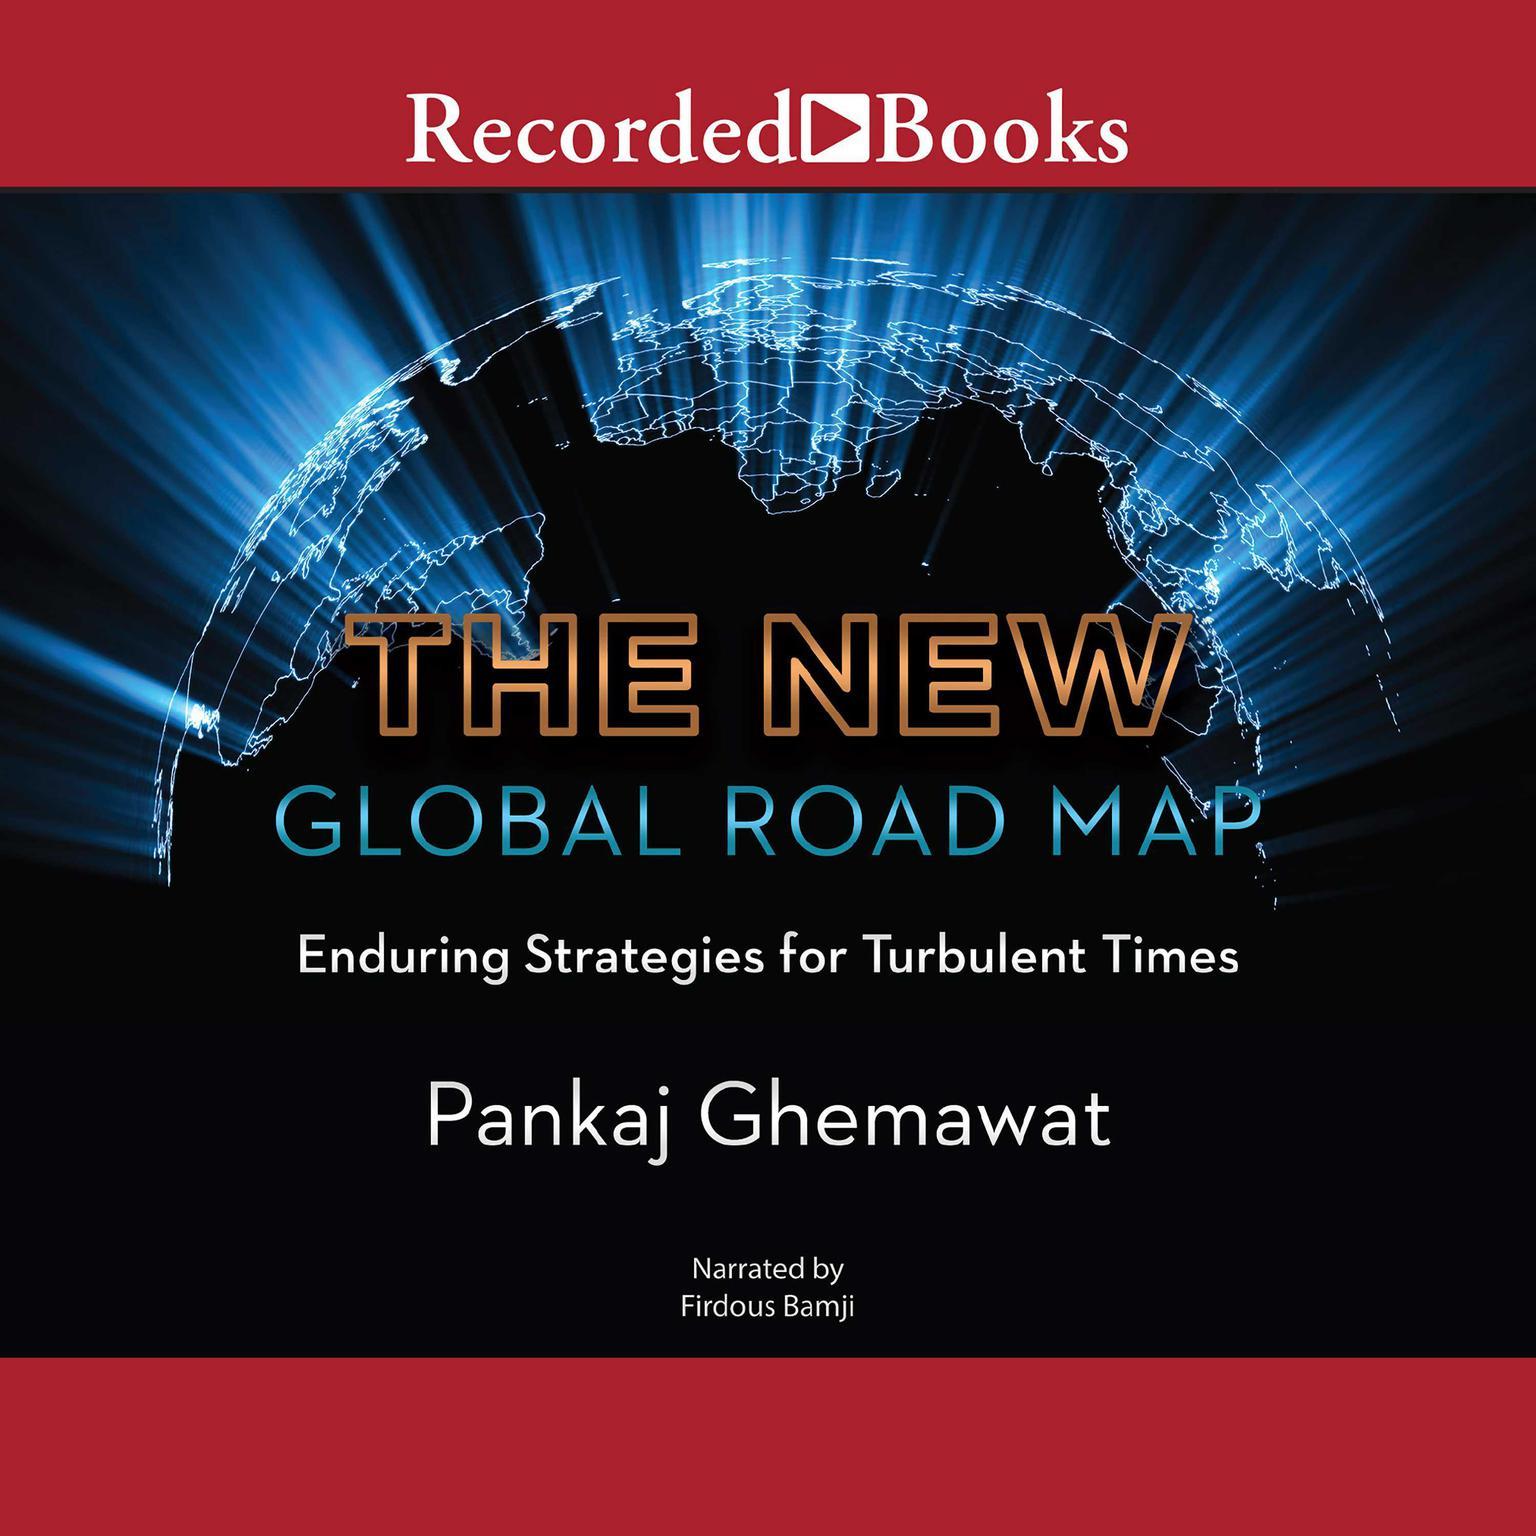 The New Global Road Map: Enduring Strategies for Turbulent Times Audiobook, by Pankaj Ghemawat
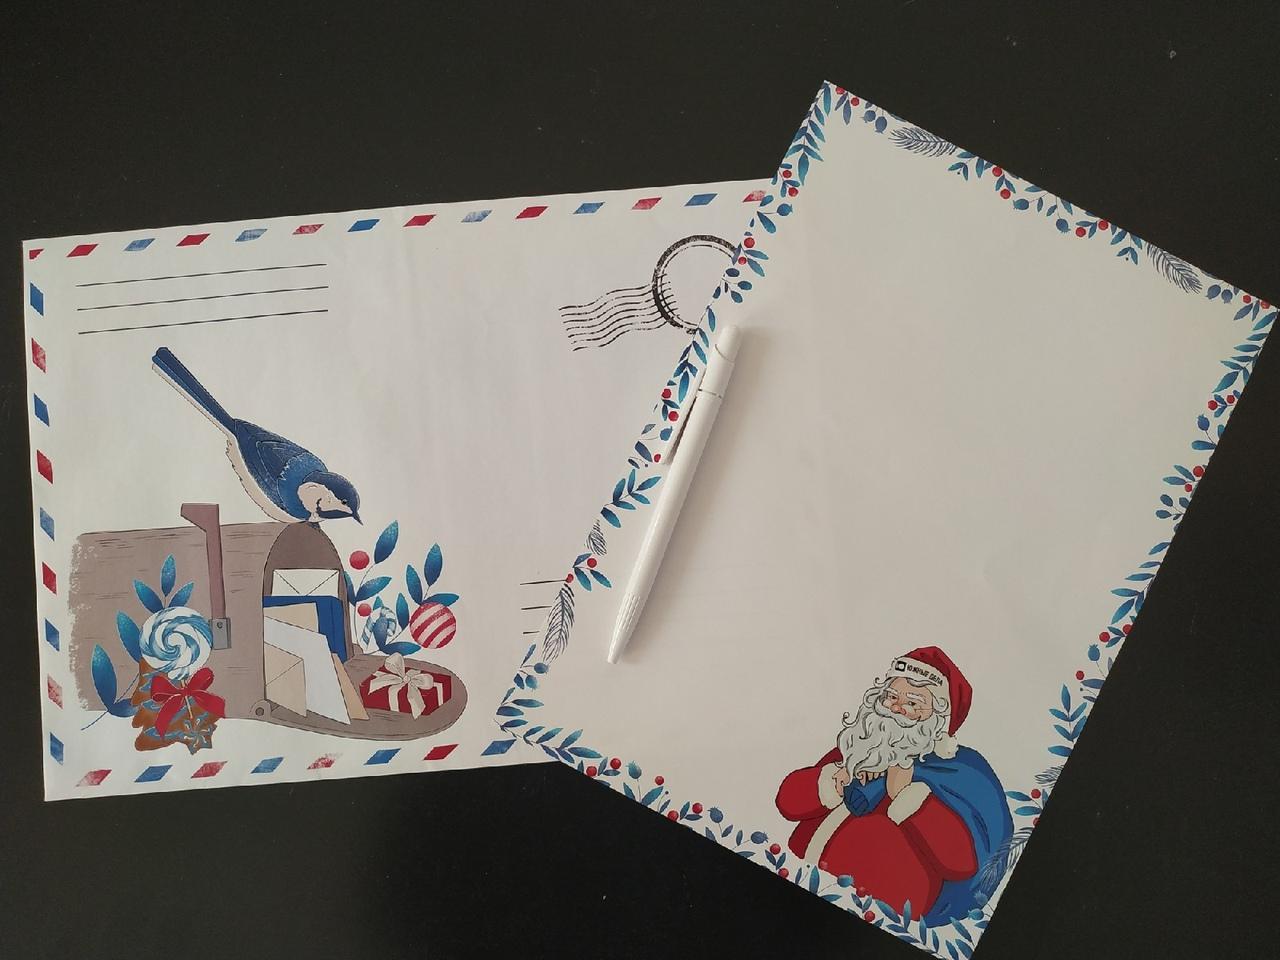 Почта Деда Мороза открылась в Краснодаре
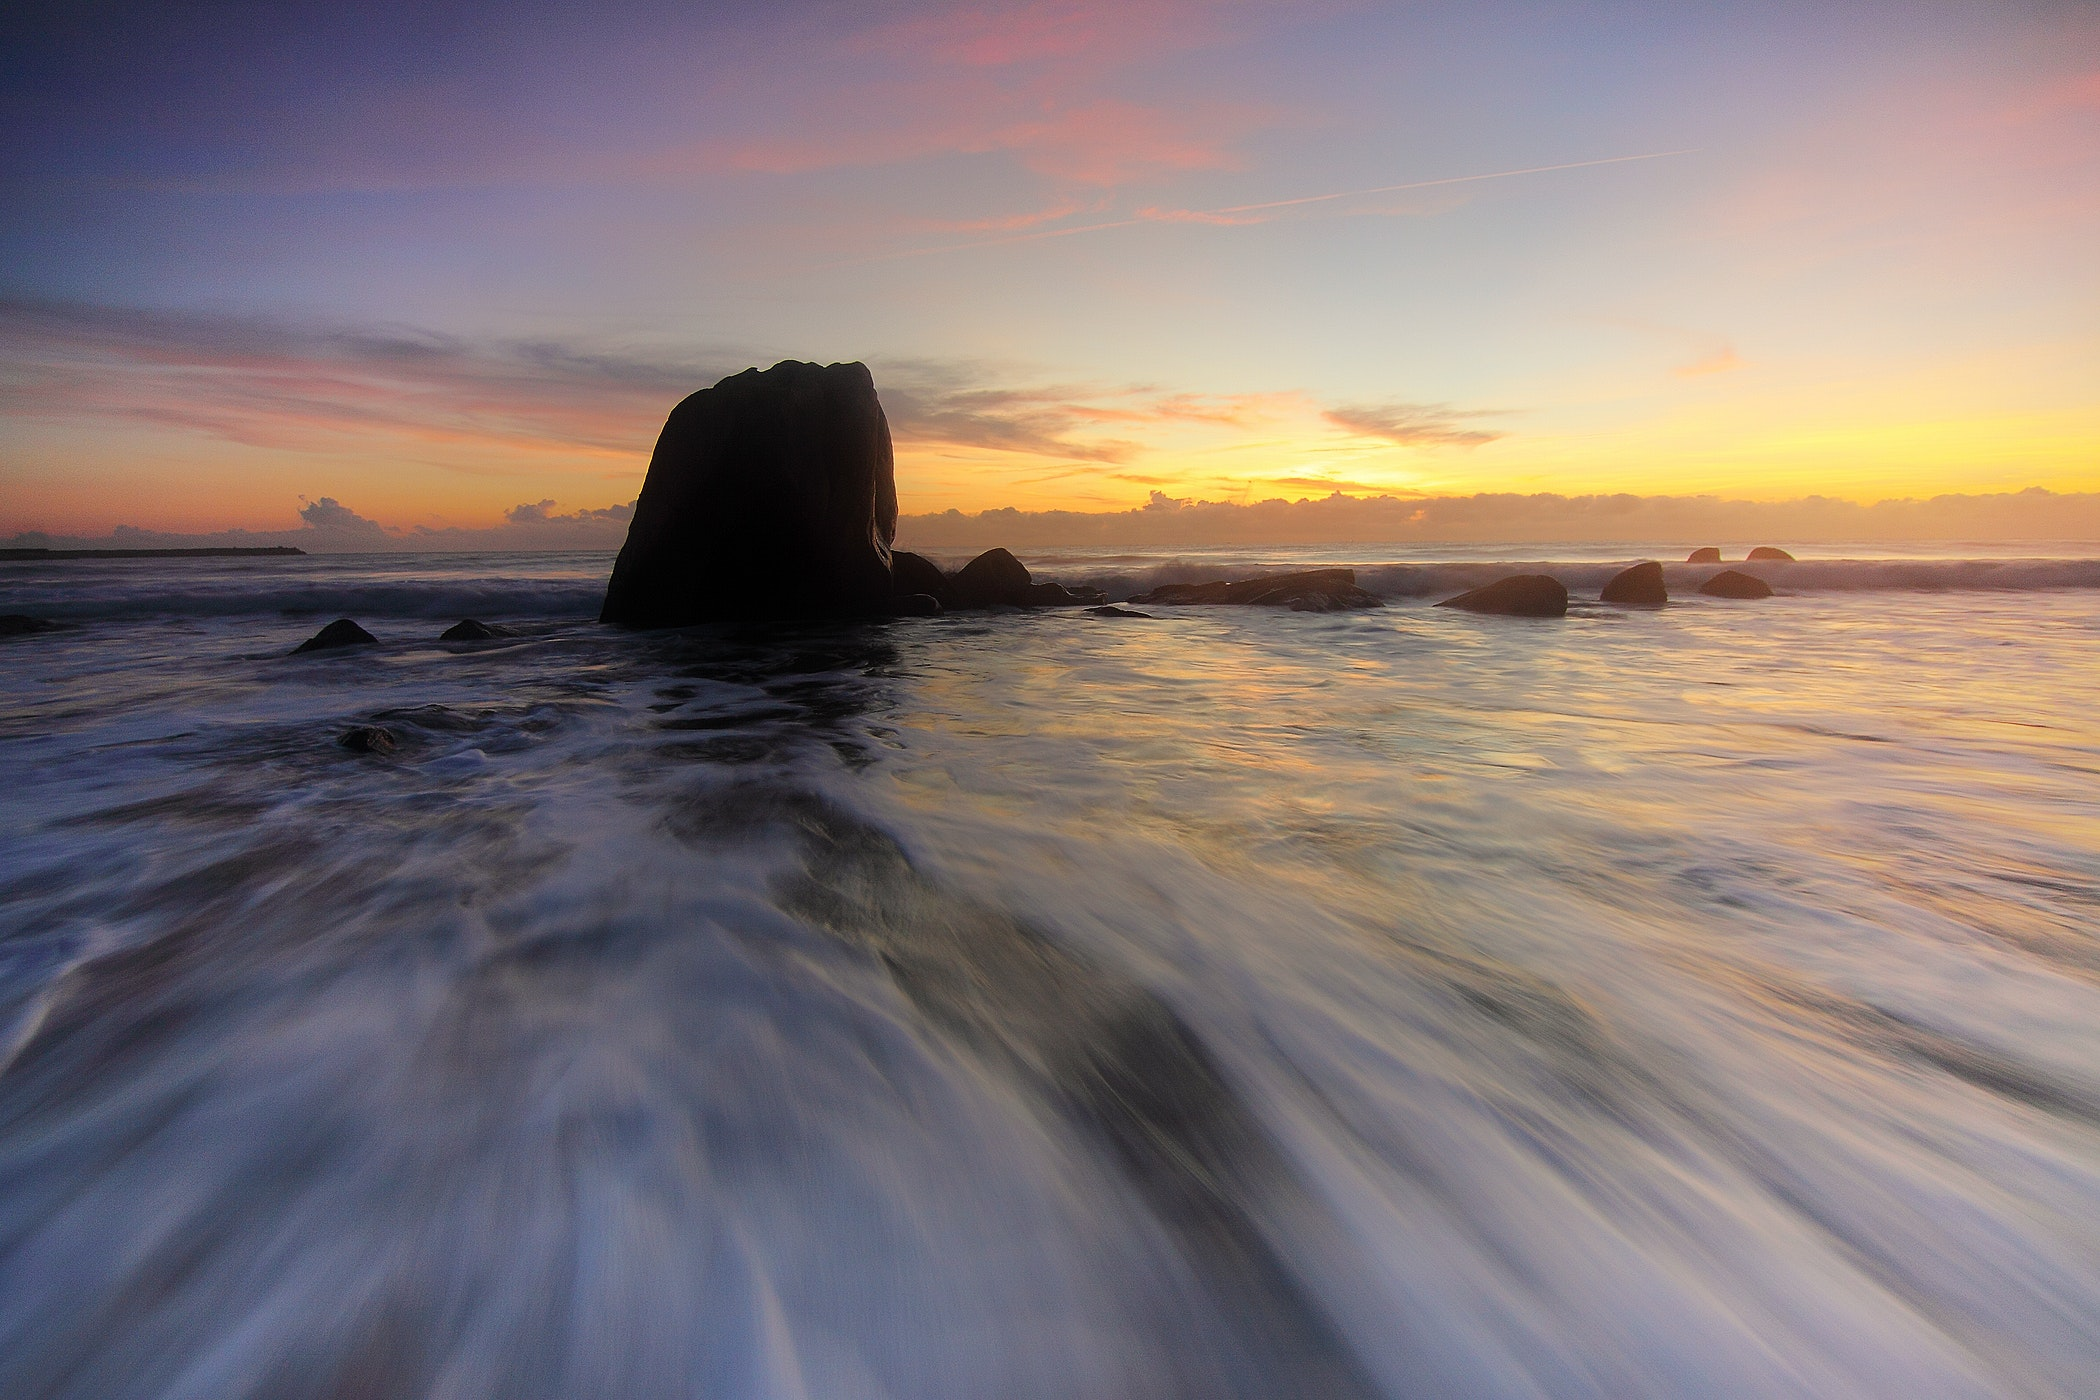 Rock on the Beach, Sun, Sky, Sunset, Seascape, HQ Photo
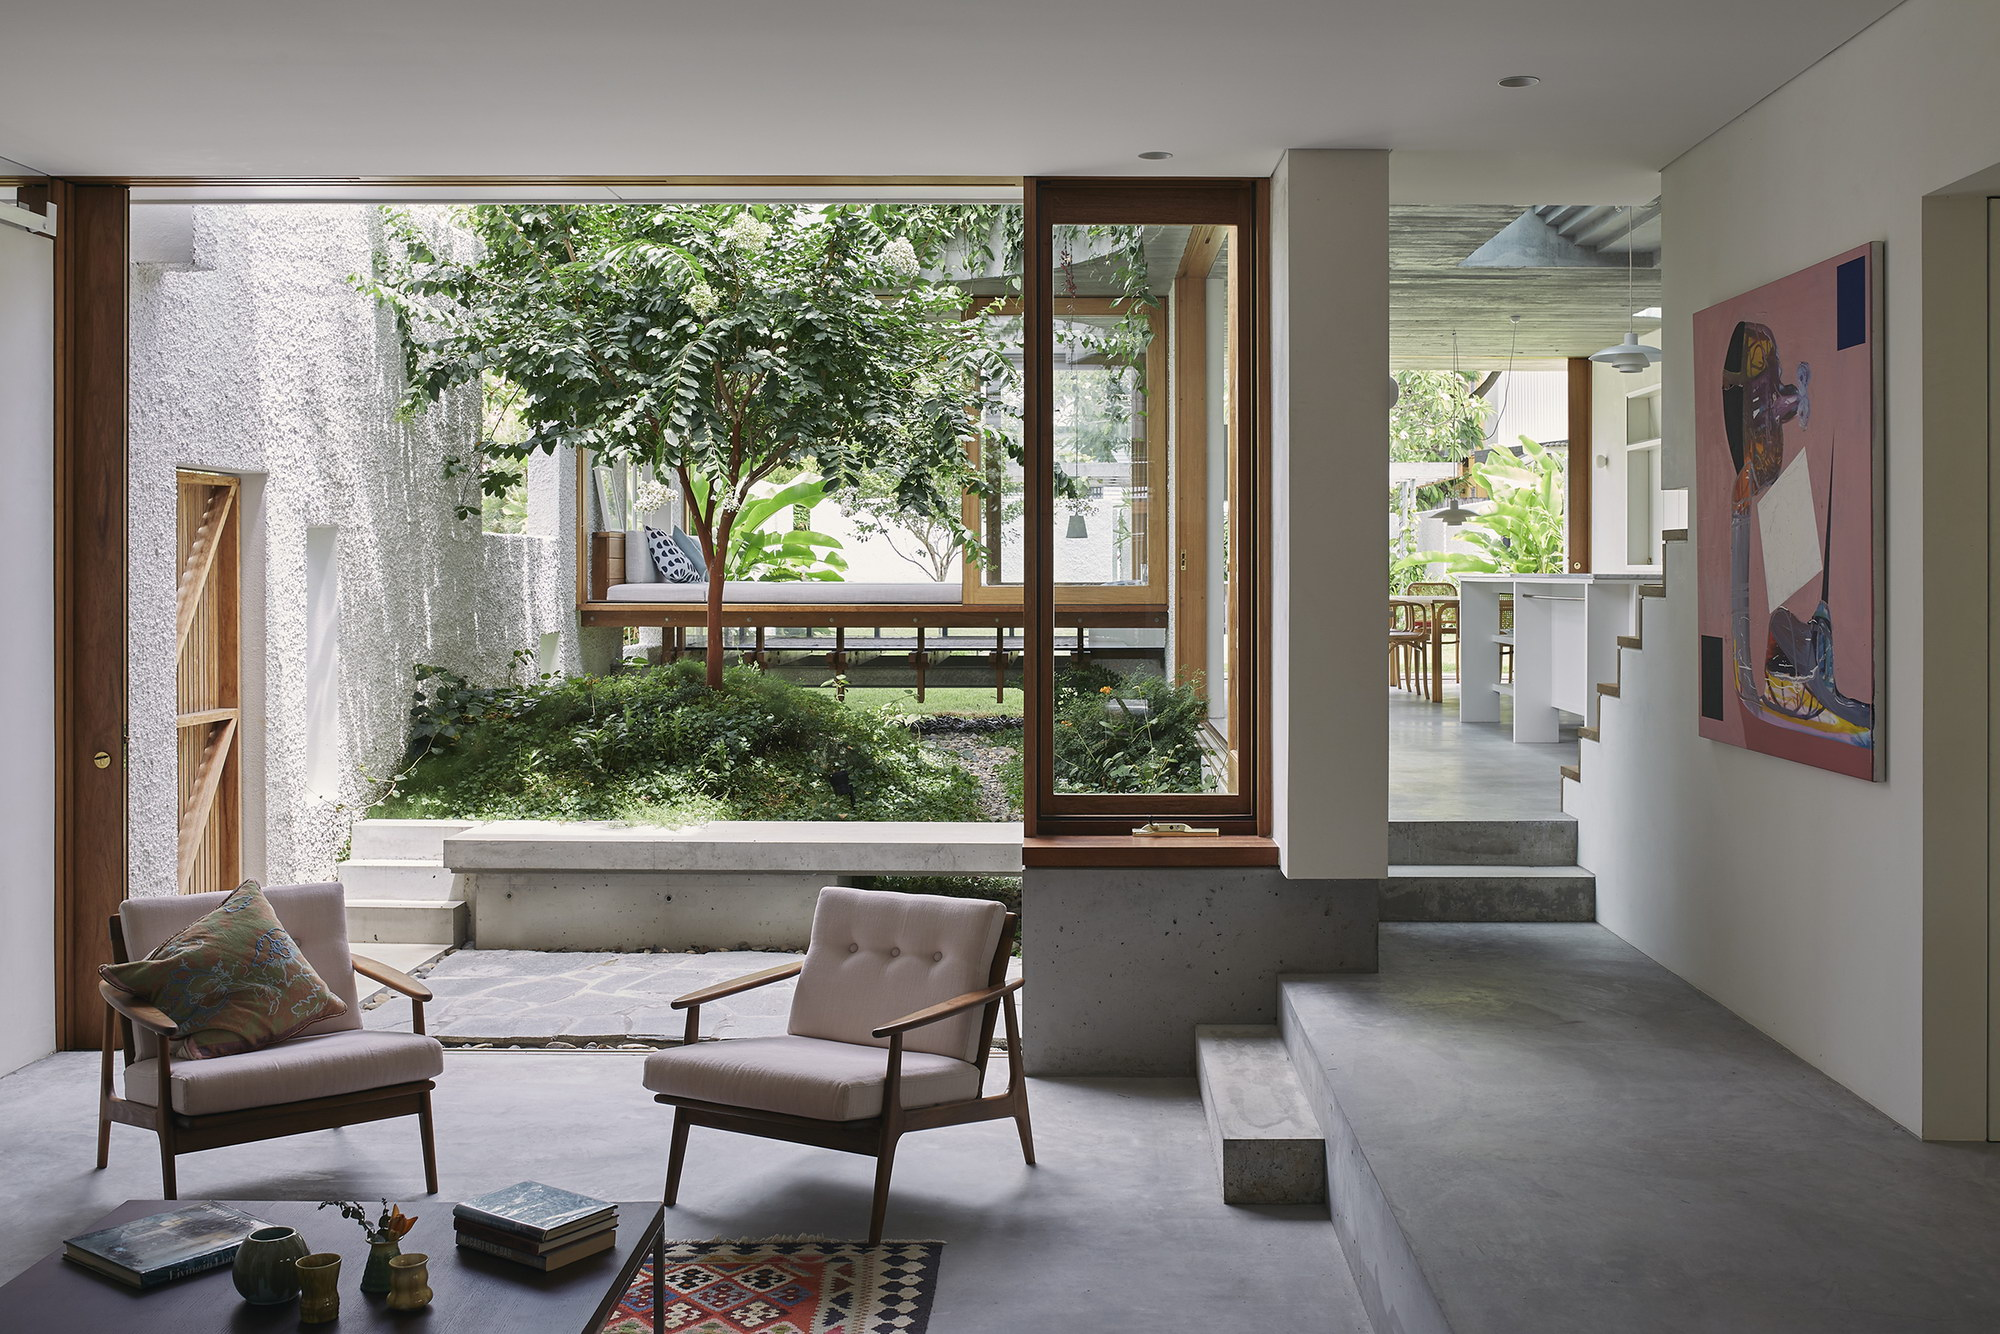 Gibbon Street by Cavill Architects

_____

## Requirement
Find the line that contains "Почта Деда Мороза открылась в Краснодаре". Copy it and every line after it through the end of the listing exactly, but not the pictures.

## Expected output
 Почта Деда Мороза открылась в Краснодаре
 Rock on the Beach, Sun, Sky, Sunset, Seascape, HQ Photo
 Gibbon Street by Cavill Architects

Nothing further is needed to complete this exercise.